# String überprüfen ob nur Buchstaben enthalten sind?



## mkay22 (10. Sep 2013)

Hallo,

ich kann mit der Konsole ein String füllen nun soll gleich danach überprüft werden ob der String auch wirklich nur Buchstaben enthält
Code:

```
String firstNameS = "";

			System.out.println("Geben sie Ihren Vornamen ein: ");
			firstNameS = console.readLine();
			if (firstNameS.contains("!") || firstNameS.contains("/") || firstNameS.contains("_") || firstNameS.contains("?") || firstNameS.contains("€") || KEINE ZAHLEN){
				
				System.err.println("Es dürfen keine Zahlen sowie !, /, _, ?, € Zeichen enthalten sein!");
				System.out.println("Geben sie Ihren Vornamen ein: ");
				firstNameS = console.readLine();
				
			}
```

Wär nett wen Jemand die Funktion / Antwort wüsste

MFG Max


----------



## nillehammer (10. Sep 2013)

Das Zauberwort heißt RegularExpressions. Schau Dir mal die String-Methode String#matches an.

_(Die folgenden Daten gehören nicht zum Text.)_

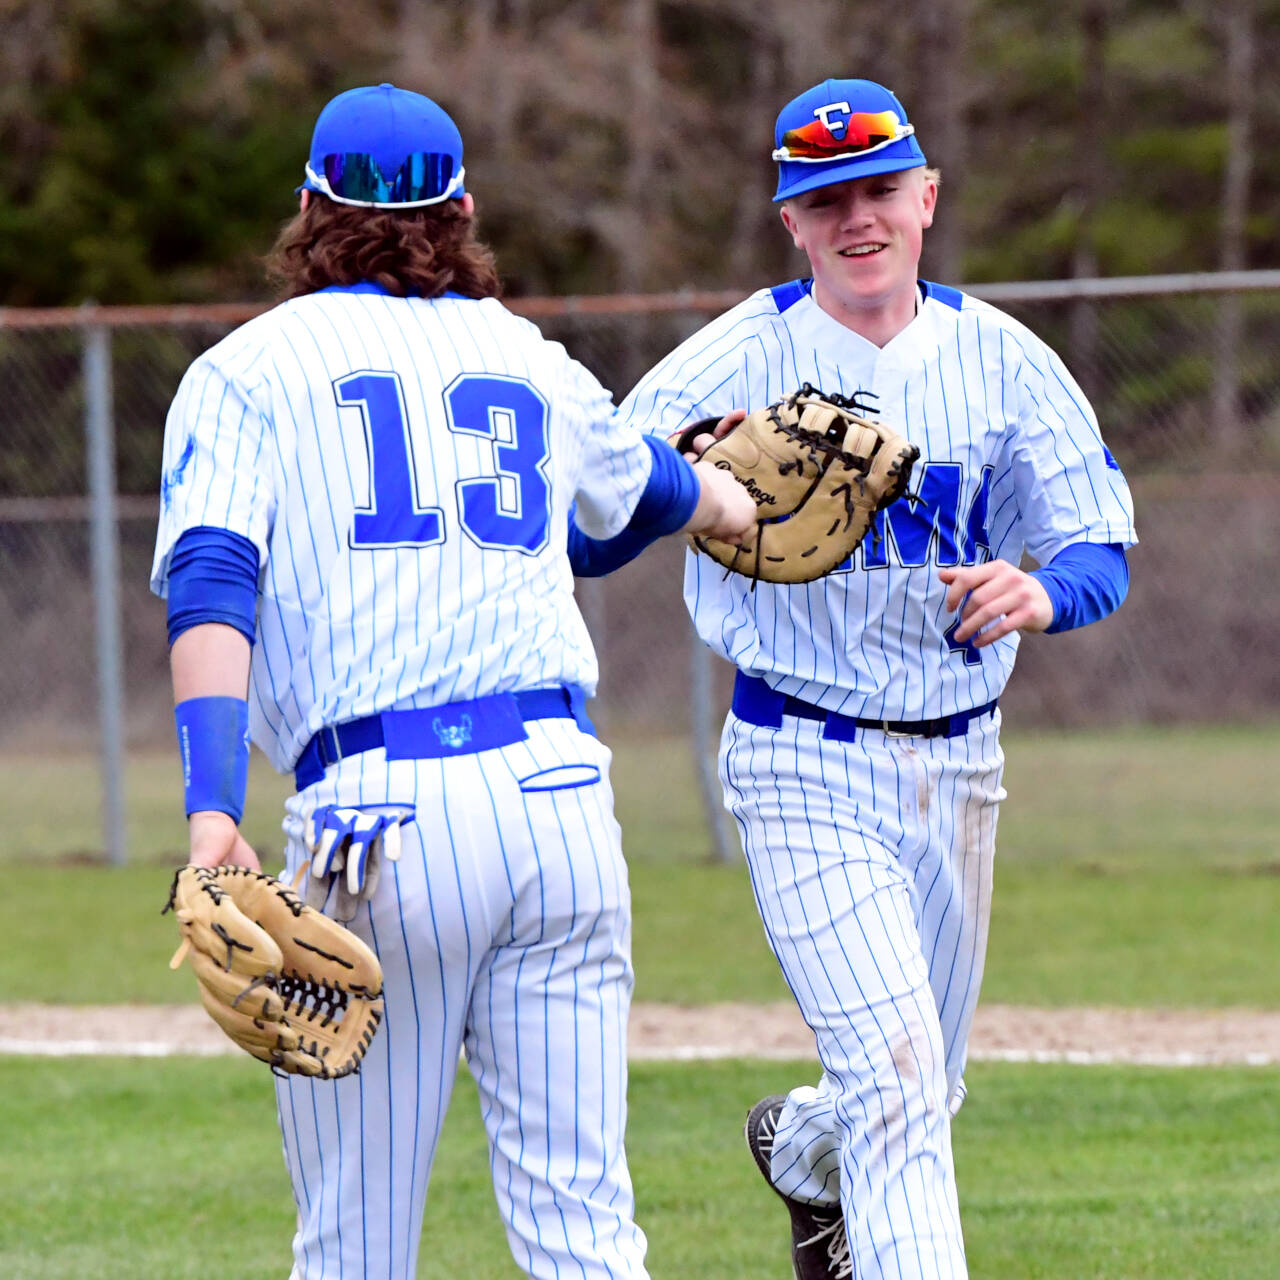 PHOTO BY CHRYSTAL WELD Elma’s Grant Vessey, right, and Gibson Cain high-five during the Eagles’ double header sweep over Hoquiam on Wednesday in Elma.

Falls Du die Prüfung öfter machen musst, schaue Dir auch die Klasse [JAPI]Pattern[/JAPI] an.


----------



## mkay22 (10. Sep 2013)

Du hast recht^^, ABER das gilt nur wenn ausschließlich Zahlen im String enthalten sind wenn die eingabe 
1 wär dann würde die if bedingung alarm schlagen bei test1 jedoch nicht genau das will ich aber^^
mir ist es egal ich habe es jetzt auf den Unschönen Weg (meiner Meinung nach) gelöst, wenn es jedoch keine Funktion dafür gibt dann ist das wohl die einzigste möglichkeit. 
Lösung:

```
if (firstNameS.contains("!") || firstNameS.contains("/") || firstNameS.contains("_") || firstNameS.contains("?") || firstNameS.contains("€") || firstNameS.contains("0")|| firstNameS.contains("1")|| firstNameS.contains("2")|| firstNameS.contains("3")|| firstNameS.contains("4")|| firstNameS.contains("5")|| firstNameS.contains("6")|| firstNameS.contains("7")|| firstNameS.contains("8")|| firstNameS.contains("9")){
				
				System.err.println("Es dürfen keine Zahlen sowie !, /, _, ?, € Zeichen enthalten sein!");
				System.out.println("Geben sie Ihren Vornamen ein, diesmal ohne Sonderzeichen und/oder Zahlen!!!: ");
				firstNameS = console.readLine();
				
			}
```


----------



## nillehammer (10. Sep 2013)

> Du hast recht^^, ABER das gilt nur wenn ausschließlich Zahlen im String enthalten [...]


Das ist Quatsch. Mit Regexen kannst Du nahezu jede beliebige Struktur definieren und dann prüfen, ob ein String diese Struktur hat. Aber, wenn Deine Lösung für Dich jetzt funktioniert, auch gut. Behalt Regexe im Hinterkopf und setze Dich damit auseinander, wenn Du Zeit dafür hast.


----------



## Altairograph (14. Sep 2013)

Du prüfst ob es etwas enthält dass nicht da sein soll, aber wie nilehammer schon gesagt hat wäre es mit regex einfacher da du mit einer regex überprüfen könntest ob der String nur aus Buchstaben besteht. Der Ausdruck ist einfach: [A-z]* (oder [A-z]+ wenn du keinen leeren Strings zulassen willst). Kombiniere das mit der matches Methode und du hast eine if-Anfrage die viel kürzer ist.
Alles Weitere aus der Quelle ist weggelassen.